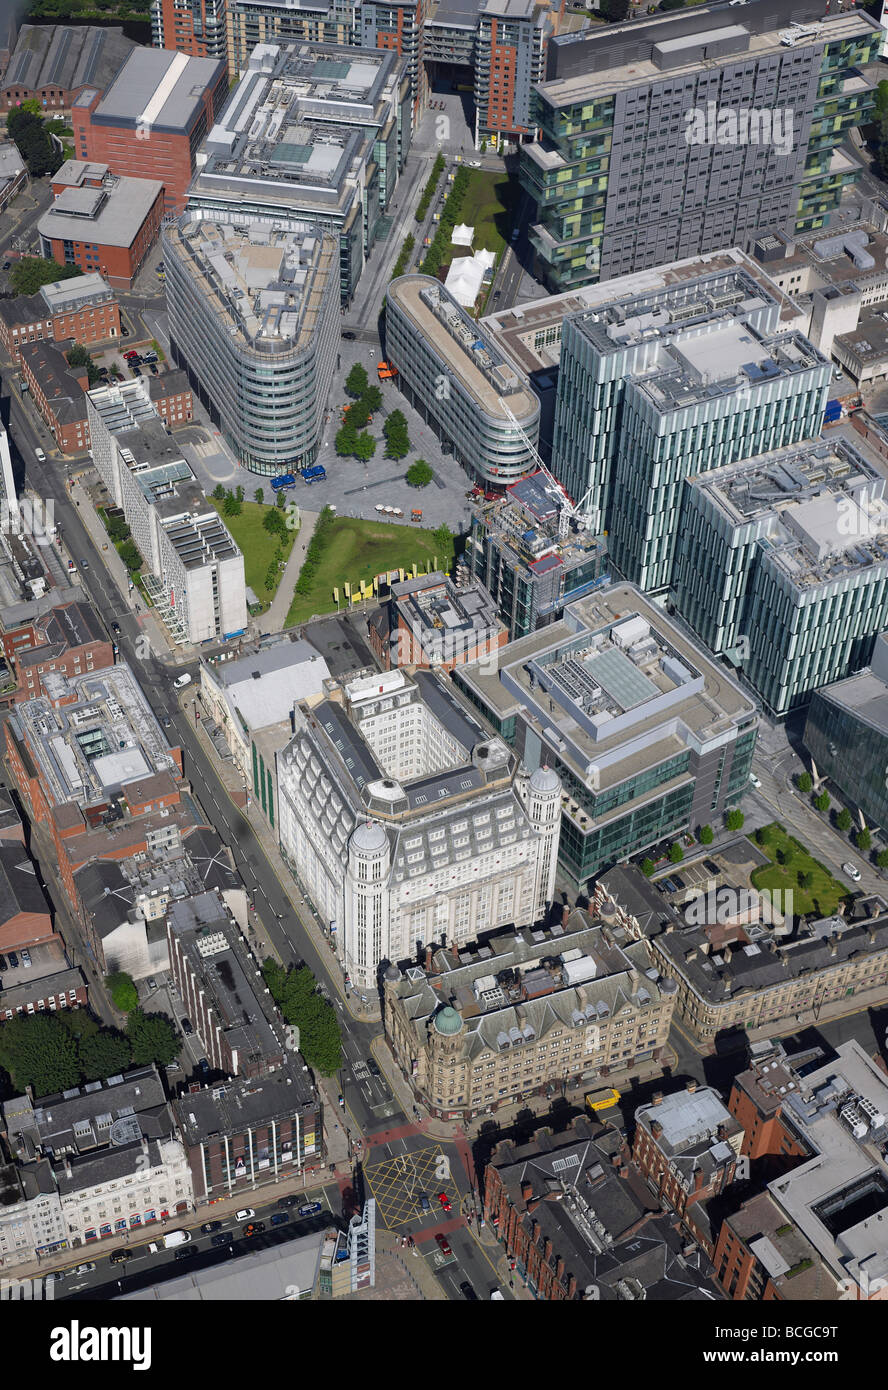 Il centro della città di Manchester, Quay Street e la zona business, dall'aria, luglio 2009, l'Inghilterra settentrionale Foto Stock
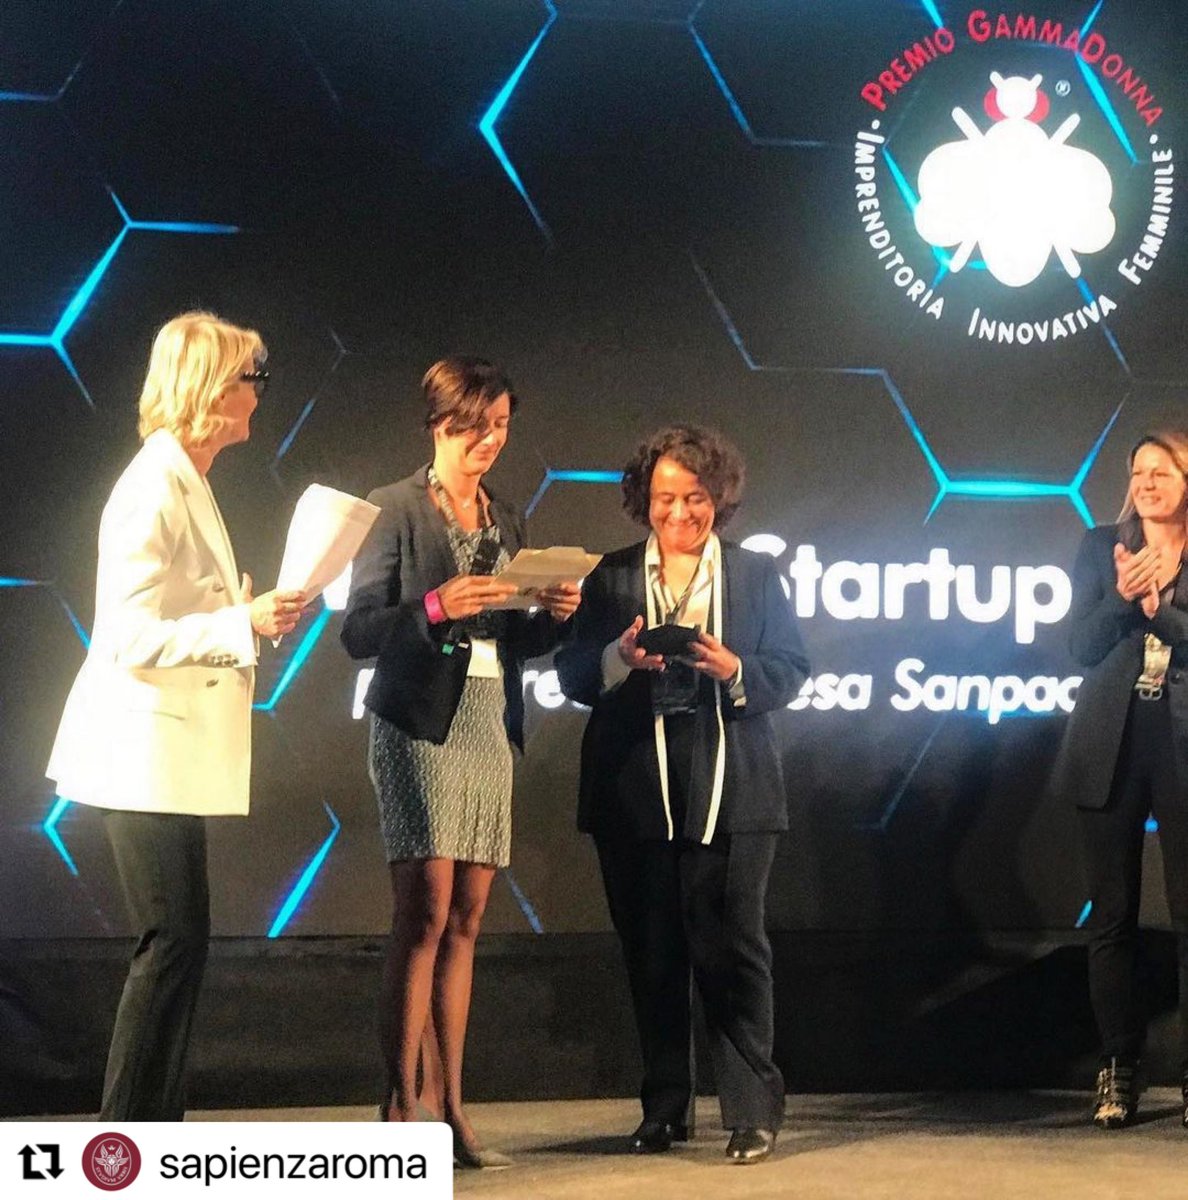 📸🏆 Alla nostra prof. Chiara Petrioli il 'Women Startup Award' di @IntesaSanPaolo Innovation Center, nell’ambito del Premio #GammaDonna 2022

[leggi tutto su ➡️ Instagram.com/p/CjL9OsgrVnb/]

#orgoglioSapienza #docentiSapienza
#I3s_Sapienza #Diag_Sapienza
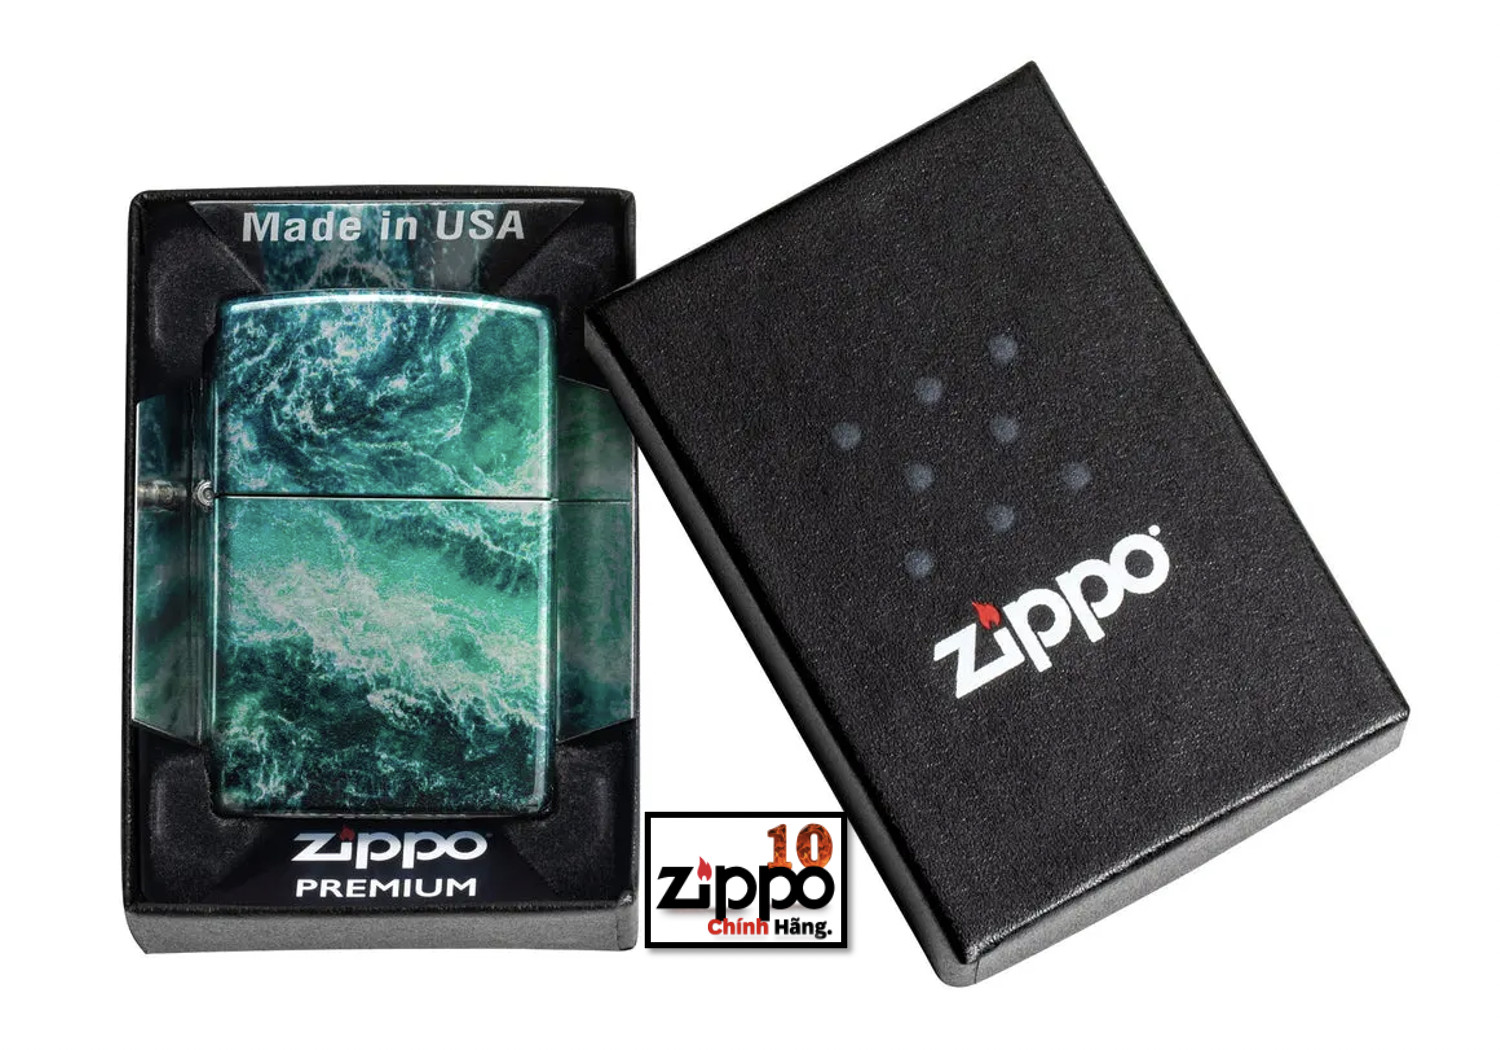 Bật lửa ZIPPO 48621 Rogue Wave Design - Chính hãng 100%
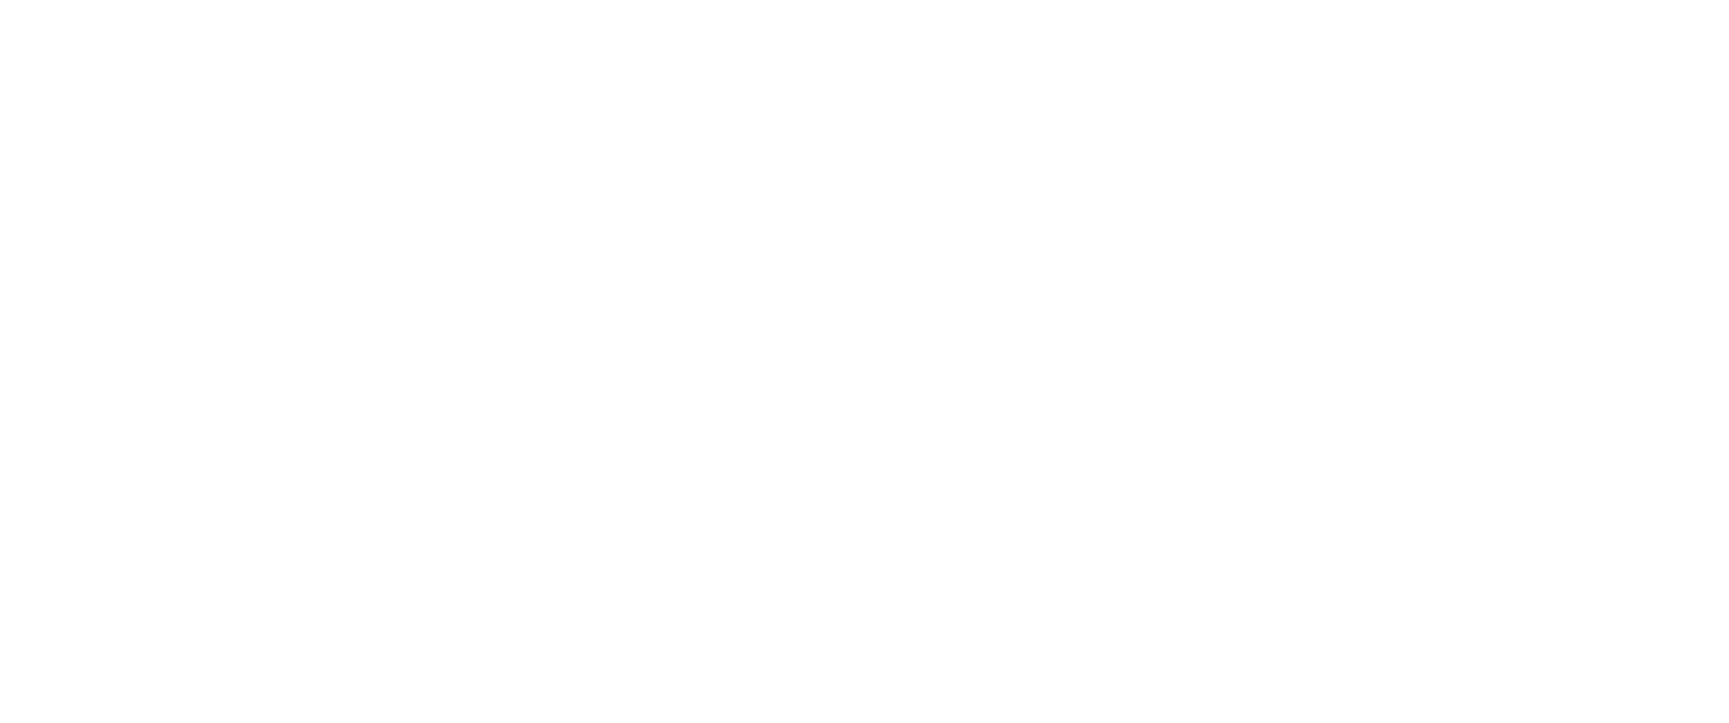 Logo Corporation des maîtres électriciens du Québec

------

§ Action item: Restate each entry exactly, omitting pictures.

§ Result:
 Il centro della città di Manchester, Quay Street e la zona business, dall'aria, luglio 2009, l'Inghilterra settentrionale Foto Stock
 📸🏆 Alla nostra prof. Chiara Petrioli il 'Women Startup Award' di @IntesaSanPaolo Innovation Center, nell’ambito del Premio #GammaDonna 2022

[leggi tutto su ➡️ Instagram.com/p/CjL9OsgrVnb/]

#orgoglioSapienza #docentiSapienza
#I3s_Sapienza #Diag_Sapienza
 Bật lửa ZIPPO 48621 Rogue Wave Design - Chính hãng 100%
 Logo Corporation des maîtres électriciens du Québec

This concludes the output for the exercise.